# Middleware in LangChain Agents

**Purpose:**  
Explain how middleware intercepts and augments agent execution, and demonstrate built-in middleware for summarization and human-in-the-loop control.

## Middleware

Middleware is a composable interception layer that runs inside the agent execution loop.  
It can observe, modify, pause, or terminate execution between planning, tool calls, and responses.

Common use cases:
- Logging, tracing, analytics, and debugging
- Prompt or message transformation
- Retries, fallbacks, and early termination
- Guardrails (rate limits, PII detection, policy checks)
- Human approval workflows

In [2]:
import os
from dotenv import load_dotenv

load_dotenv()
os.environ["GROQ_API_KEY"] = os.getenv("GROQ_API_KEY")

## Summarization middleware

SummarizationMiddleware automatically compresses older conversation history when a size threshold is reached.
It preserves recent messages and replaces older ones with a summary.

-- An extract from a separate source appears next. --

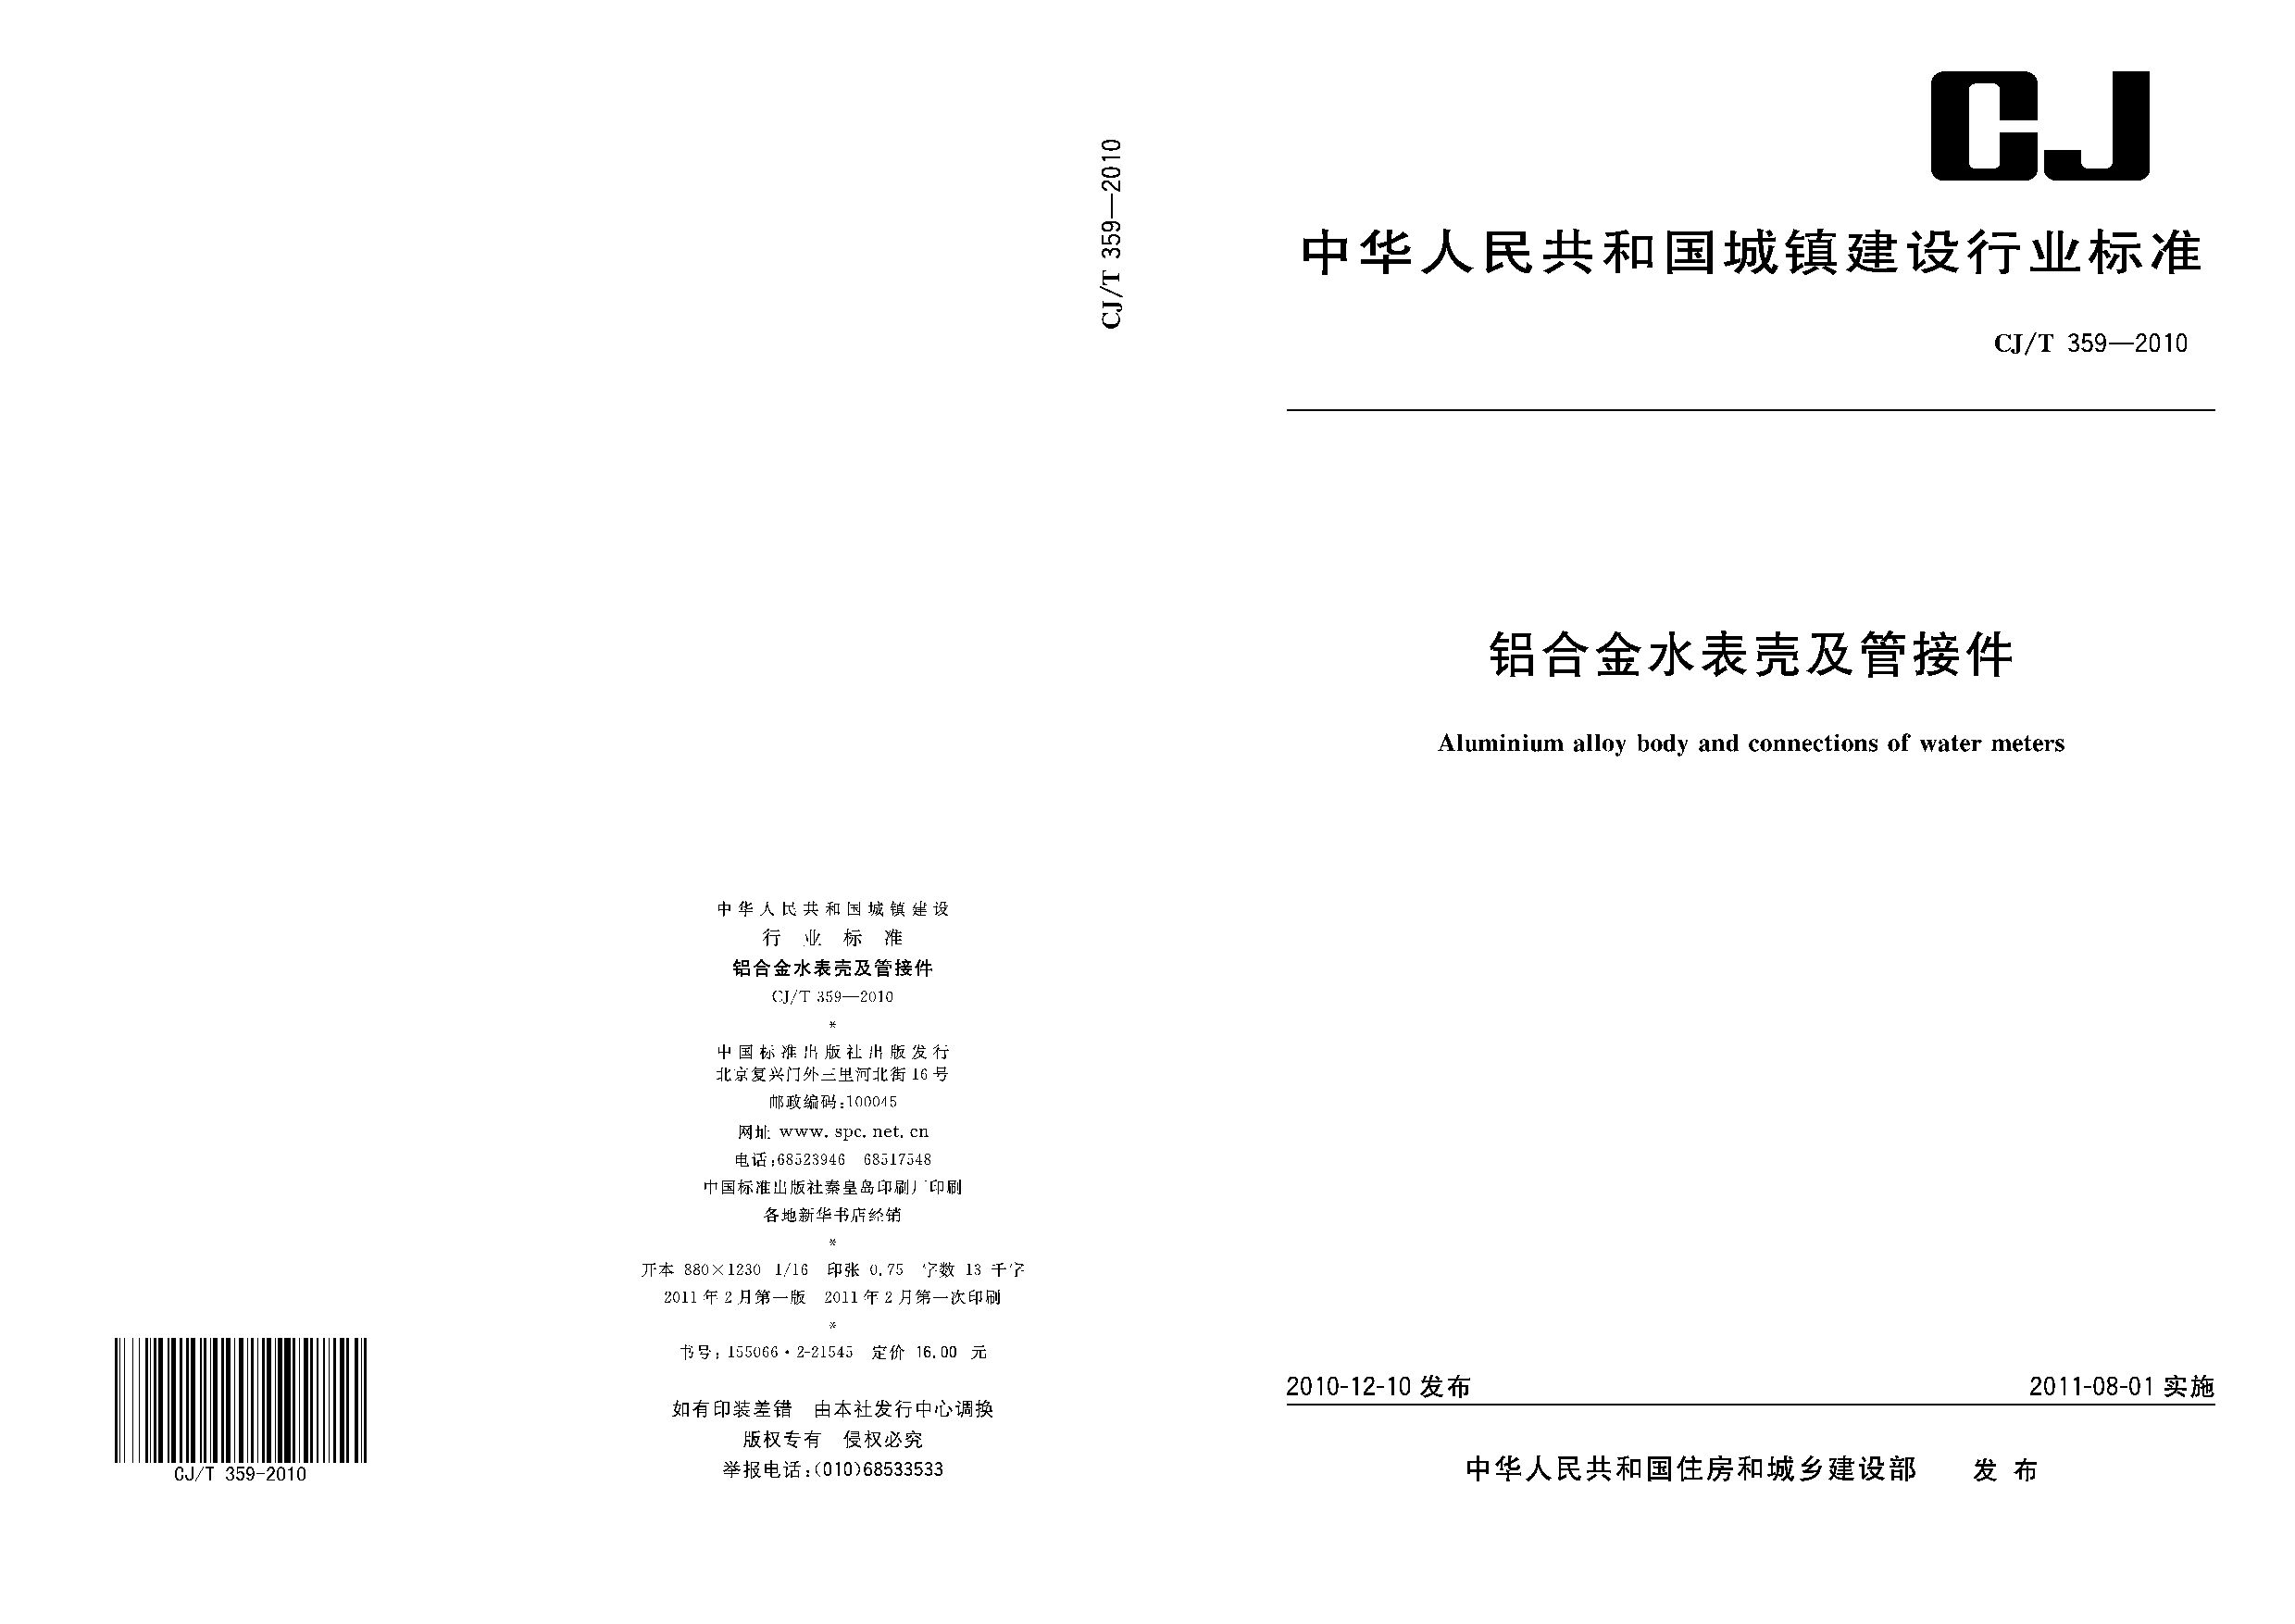 CJ/T 359-2010封面图

Trigger and keep policies can be defined in:
- message count,
- token count,
- fraction of model context window.

In [3]:
from langchain.agents import create_agent
from langchain.agents.middleware import SummarizationMiddleware
from langgraph.checkpoint.memory import InMemorySaver
from langchain_core.messages import HumanMessage

In [4]:
# Message-count-based summarization
from langchain.agents import create_agent
from langchain.agents.middleware import SummarizationMiddleware
from langchain_groq import ChatGroq
from langgraph.checkpoint.memory import InMemorySaver

# Initialize Groq LLM
llm = ChatGroq(
    api_key=os.getenv("GROQ_API_KEY"),
    model= "openai/gpt-oss-20b",
    temperature=0
)

agent = create_agent(
    model=llm,
    checkpointer=InMemorySaver(),
    middleware=[
        SummarizationMiddleware(
            model=llm,
            trigger=("messages", 10),
            keep=("messages", 4),
        )
    ],
)

config = {"configurable": {"thread_id": "test-1"}}

In [5]:
questions = [
    "What is 2+2?",
    "What is 10*5?",
    "What is 100/4?",
    "What is 15-7?",
    "What is 3*3?",
    "What is 4*4?",
]

for q in questions:
    response = agent.invoke({"messages": [HumanMessage(content=q)]}, config)
    print(f"Messages: {len(response['messages'])}")

Messages: 2
Messages: 4
Messages: 6
Messages: 8
Messages: 10
Messages: 6


## Token-based summarization

Token-based thresholds allow control relative to provider limits and cost constraints.

In [4]:
from langchain_core.tools import tool

@tool
def search_hotels(city: str) -> str:
    """Returns a long response to intentionally increase token usage."""
    return f"""Hotels in {city}:
    1. Grand Hotel - 5 star, $350/night
    2. City Inn - 4 star, $180/night
    3. Budget Stay - 3 star, $75/night"""


In [6]:
# Initialize Groq LLM
from langchain_groq import ChatGroq

llm = ChatGroq(
    api_key=os.getenv("GROQ_API_KEY"),
    model= "openai/gpt-oss-20b",
    temperature=0
)

agent = create_agent(
    model= llm,
    tools=[search_hotels],
    checkpointer=InMemorySaver(),
    middleware=[
        SummarizationMiddleware(
            model= llm,
            trigger=("tokens", 550),
            keep=("tokens", 200),
        )
    ],
)

config = {"configurable": {"thread_id": "test-2"}}


In [7]:
def count_tokens(messages):
    return sum(len(str(m.content)) for m in messages) // 4

cities = ["Paris", "London", "Tokyo", "New York", "Dubai", "Singapore"]

for city in cities:
    response = agent.invoke({"messages": [HumanMessage(content=f"Find hotels in {city}")]}, config)
    tokens = count_tokens(response["messages"])
    print(f"{city}: ~{tokens} tokens, {len(response['messages'])} messages")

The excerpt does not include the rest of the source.